Every so often a new intervention by NATO and the usual suspects gets proposed, and there's always an argument all over again about whether it's a good idea. Generally, there is little real information available about just what's really going on, but there's plenty of propaganda, some of it nuanced and plausible, and often some genuine complexity to the situation. Even intelligent, well-meaning progressives are frequently persuaded that this time, maybe it's a good idea.
It never is. Even the best cases you ever get for imperialist intervention always turn out to be terrible. The more such events I see, the more convinced I become that knee-jerk opposition to such action is pretty much always justified. Say, I was going to talk about Libya, wasn't I?
So let's talk Libya. The poster child for "humanitarian intervention". Ruled by a dictator who was certainly eccentric, even a weirdo, and could plausibly be called "crazy". Resisted by protestors who seemed to be part of the celebrated Arab Spring. Threatening to massacre his regime's opponents. How could anyone possibly oppose intervention? And, partly persuaded by this basic frame of events, many progressives, even on boards such as "enmasse.ca", argued in favour of UN/NATO military intervention. I didn't, but for a while I temporized, was luke-cold in my opposition, agreed that with all the ambiguities it was difficult to be sure . . .
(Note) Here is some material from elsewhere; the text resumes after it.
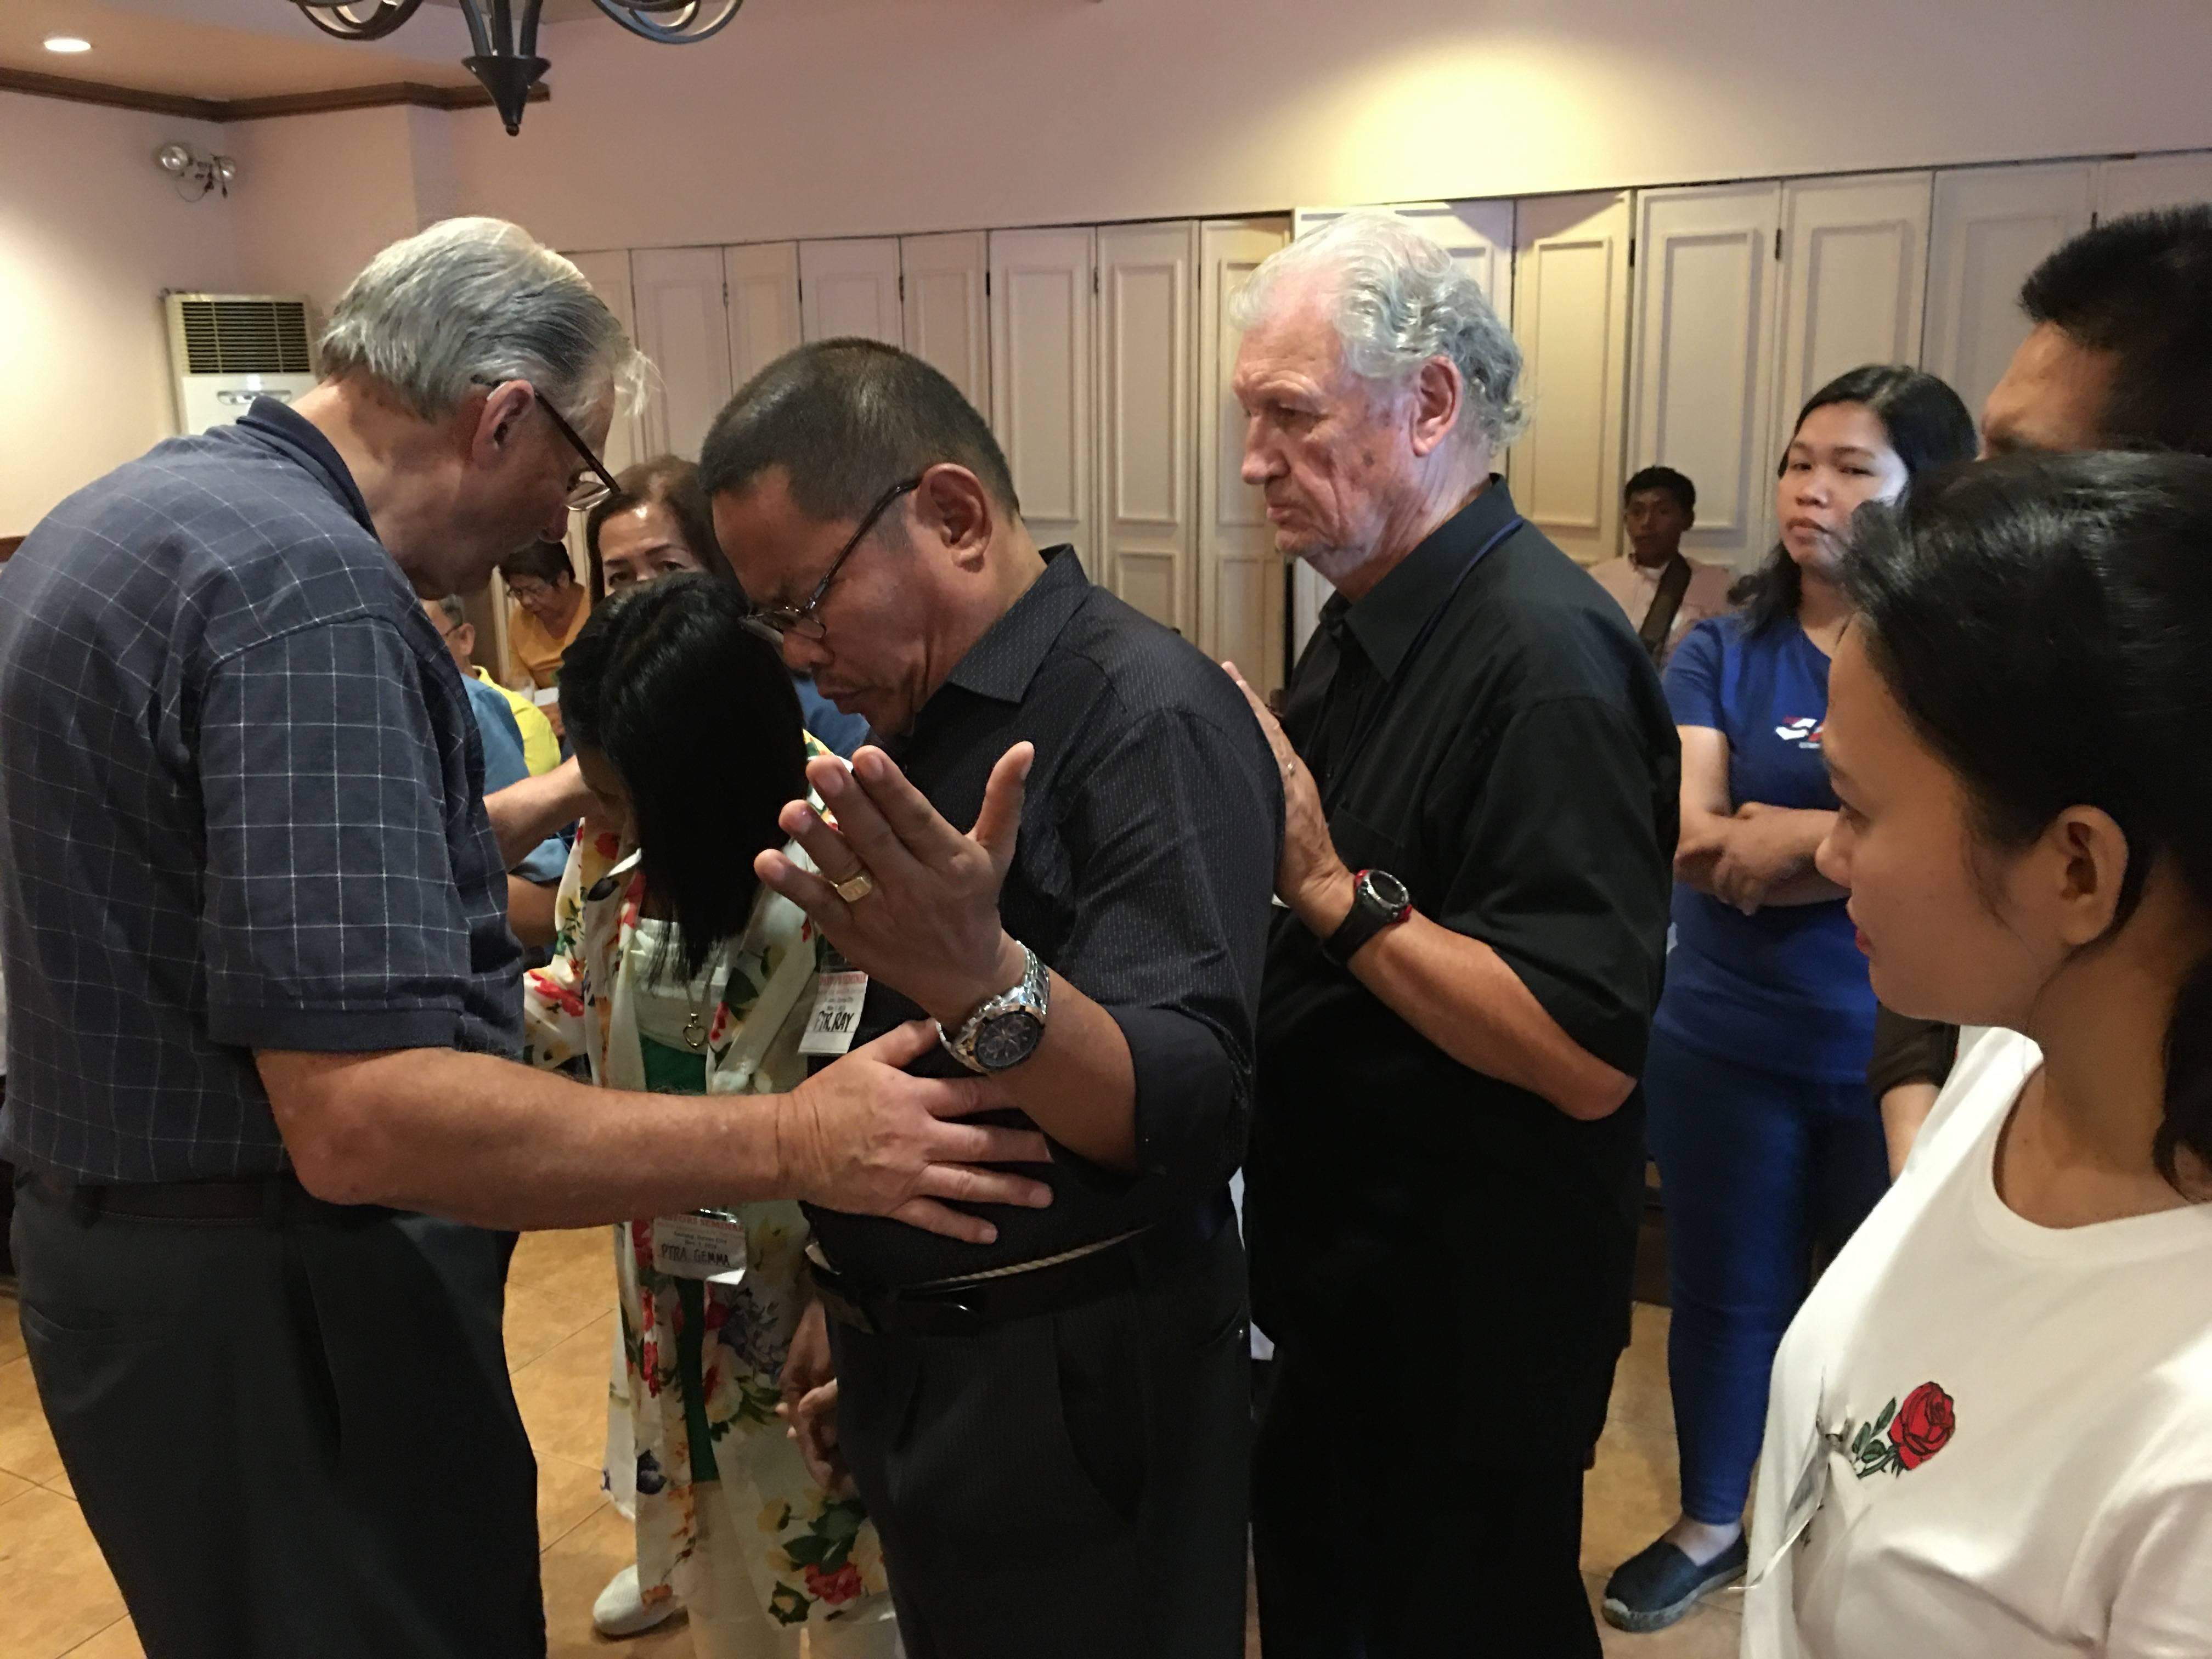 Praying for Pastors

Tens of thousands of deaths later, what was the African country with the highest standard of living is now falling apart. The "government" is vicious and authoritarian to the extent that it's in charge of anything, which it mostly isn't. Militias and mercenaries fight it out in miniature civil wars. Bagmen pocket the oil wealth. Far more people have died than ever would have if Gadhaffi had just crushed his opponents, and we're really still just getting started. The government has a law granting immunity to anyone committing war crimes in the service of the revolution, and what with all the torture and ethnic cleansing they need it. And it has a law mandating jail terms for anyone who says nice things about the previous regime; way to institute freedom, NATO!
in recent weeks government buildings - including the Prime Ministerial compound - have come under fire by 'rebels' demanding cash payment for their services. $1.4billion has been paid out already . . . Corruption is becoming endemic - a further $2.5billion in oil revenues that was supposed to have been transferred to the national treasury remains unaccounted for . . .
Law 37, passed by the new NATO-imposed government last month, has created a new crime of 'glorifying' the former government or its leader - subject to a maximum sentence of life imprisonment. Would this include a passing comment that things were better under Gaddafi? The law is cleverly vague enough to be open to interpretation. It is a recipe for institutionalised political persecution . . .
Law 38. This law has now guaranteed immunity from prosecution for anyone who committed crimes aimed at "promoting or protecting the revolution". Those responsible for the ethnic cleansing of Tawergha - such as Misrata's self-proclaimed "brigade for the purging of black skins" - can continue their hunting down of that cities' refugees in the full knowledge that they have the new 'law' on their side. Those responsible for the massacres in Sirte and elsewhere have nothing to fear. Those involved in the widespread torture of detainees can continue without repercussions - so long as it is aimed at "protecting the revolution" - i.e. maintaining NATO-TNC dictatorship.
On the plus side for the US at any rate, the article goes on to point out how the removal of Gadhaffi has drastically weakened the African Union, making it far easier for the US to move in Africom and go all neo-colonial on the Africans. Not such great news for Africans, or for progressives who aren't wild about imperialism.
So I'd like to suggest that next time around, or for that matter this time around (Syria) we just keep in mind how, no matter how good the spin for any given military intervention seems to be, it is almost certainly a really horrible, evil idea, insane from the perspective of anything except advancing imperialism. The complexities of such situations are dwarfed by the mindboggling nastiness that will be the result of imperialist intervention. There are vanishingly few situations so bad that military intervention by the US and hangers-on such as Canada can't make them heartbreakingly worse. I plan to remember that in future discussions whenever a new flavour of the year pops up and people are being fooled all over again.